Fig. 5: Crystal internalization induces LDH release and apoptosis in HK2 cells.
figure 5

Control (noncrystal) CaP, CaOx, and CaP + CaOx (mixed) crystals were introduced into HK2 cells for 24 h. Cell death was determined by a DAPI staining and b Annexin V-labeling. c Cell viability was determined relative to control (100%) by methylene blue staining. d LDH release was determined by measuring conversion of purple tetrazolium salt into red formazan. e Necrosis was detected with PI staining. Statistically significant differences are indicated (mean ± SEM). Experiments were performed in triplicates. Two-tailed t-test was used for statistical comparison.

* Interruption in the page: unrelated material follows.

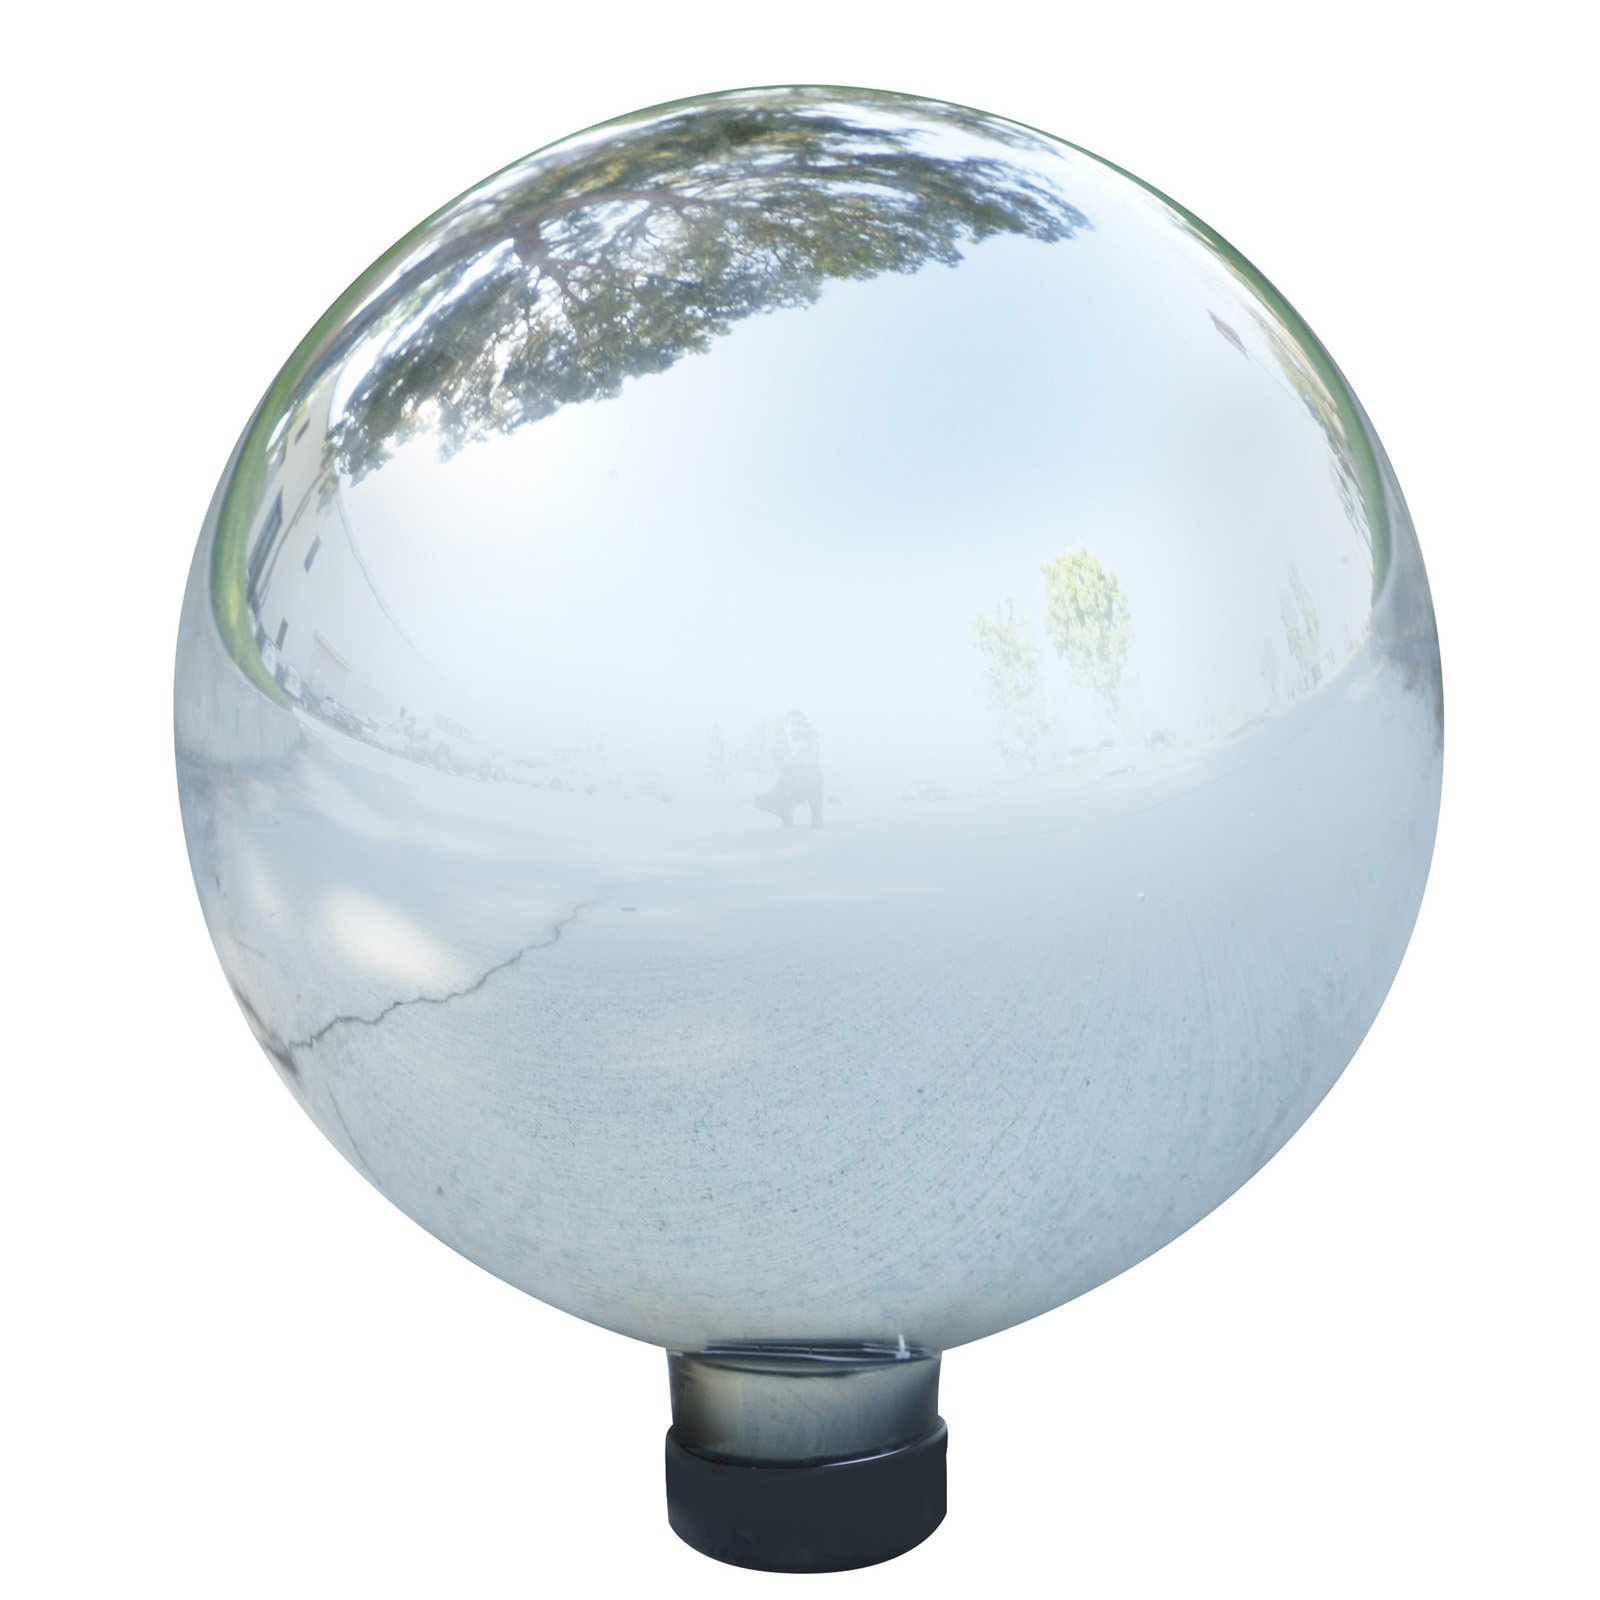 Alpine Reflective Silver Glass Gazing Globe, 11 Inch Tall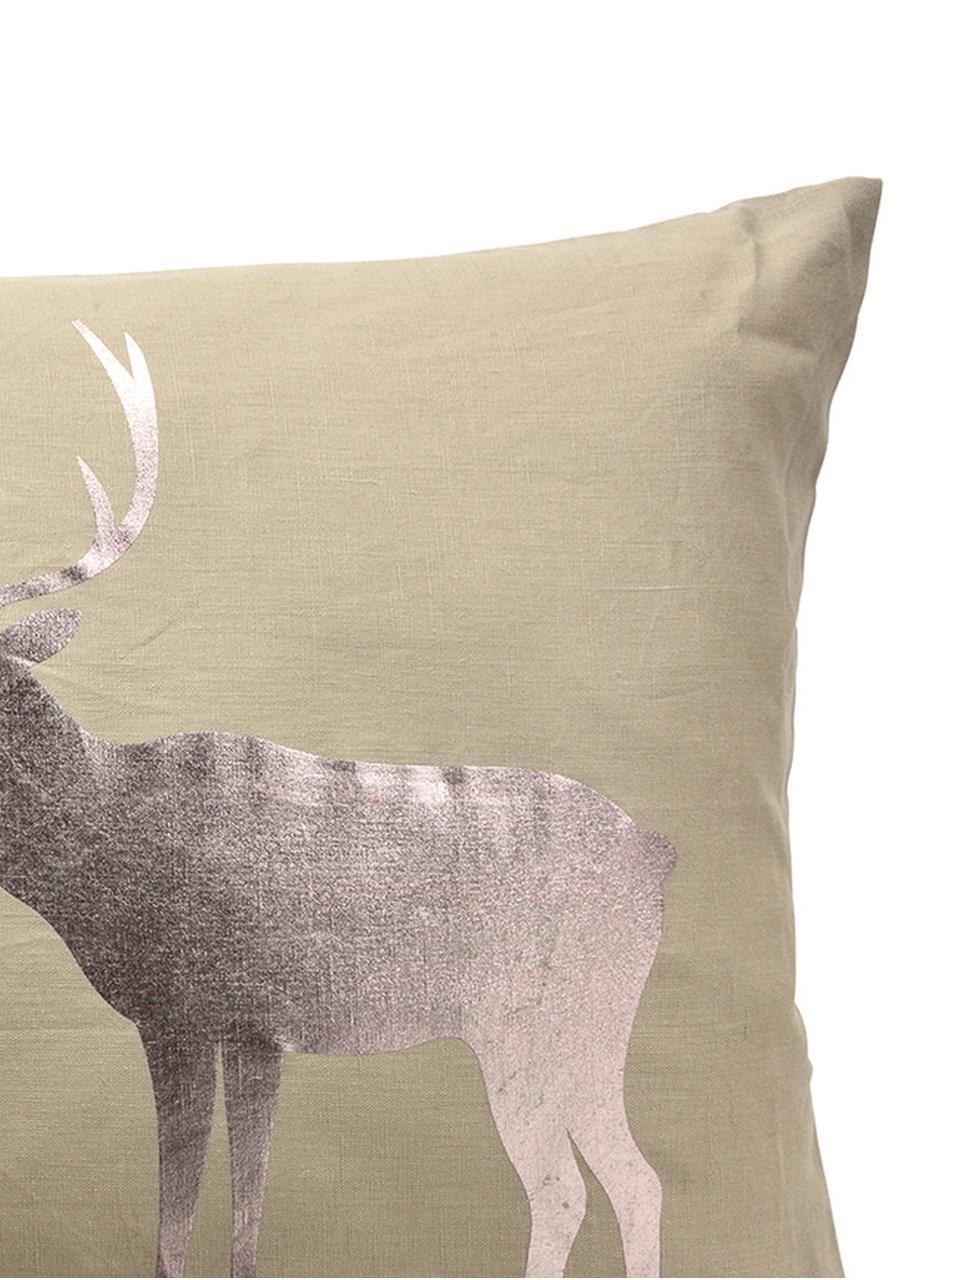 Federa Forrest con motivo cervo lucido, 55% lino, 45% cotone, Beige, bronzo, Larg. 35 x Lung. 60 cm

Levels of significance are indicated as *p < 0.05; **p < 0.01 as shown in the bar diagrams. Scale bar, 100 µm

Crystal internalization drives the expression and function of SOCE mediators STIM and ORAI

Since we found that SOCE is the major Ca2+ entry pathway in these crystal-internalized cells, we measured the expression of SOCE components STIM1, 2, and ORAI channels 1, 2, and 3. Our results show that crystal internalization markedly increased the gene expression of STIM1, STIM2, and ORAI3 (Fig. 6a). We then knocked down STIM1, STIM2, and ORAI3 expression in HK2 cells using specific siRNA and measured Ca2+ entry into these crystal-internalized cells (Fig. 6b–d). Following knockdown with respective siRNA, we performed crystal internalization into these cells to examine the effect on Ca2+ release and entry to determine Ca2+ signaling profile. Our data show that STIM1, STIM2, and ORAI3 siRNA transfected cells decreased [Ca2+]i rise compared with control (scrambled siRNA transfected) cells for all CaP, CaOx, and mixed crystal-internalized cells, whereas noninternalized cells did not show such response (Fig. 6e). We also analyzed the Ca2+ entry component and found that the percent reduction in [Ca2+]i response was increased to a greater extent in STIM1, STIM2, and ORAI3 siRNA transfected cells compared with control (scrambled siRNA transfected) cells (Fig. 6f). Remarkably, the Ca2+ response (rise and reduction) by siRNA inhibitors corresponded to the expression of SOCE components in crystal-internalized cells. Taken together, our results confirm that ORAI3 is the SOCE channel acting in combination with STIM1, STIM2 as ER sensors to drive Ca2+ response in crystal-internalized human PT cells.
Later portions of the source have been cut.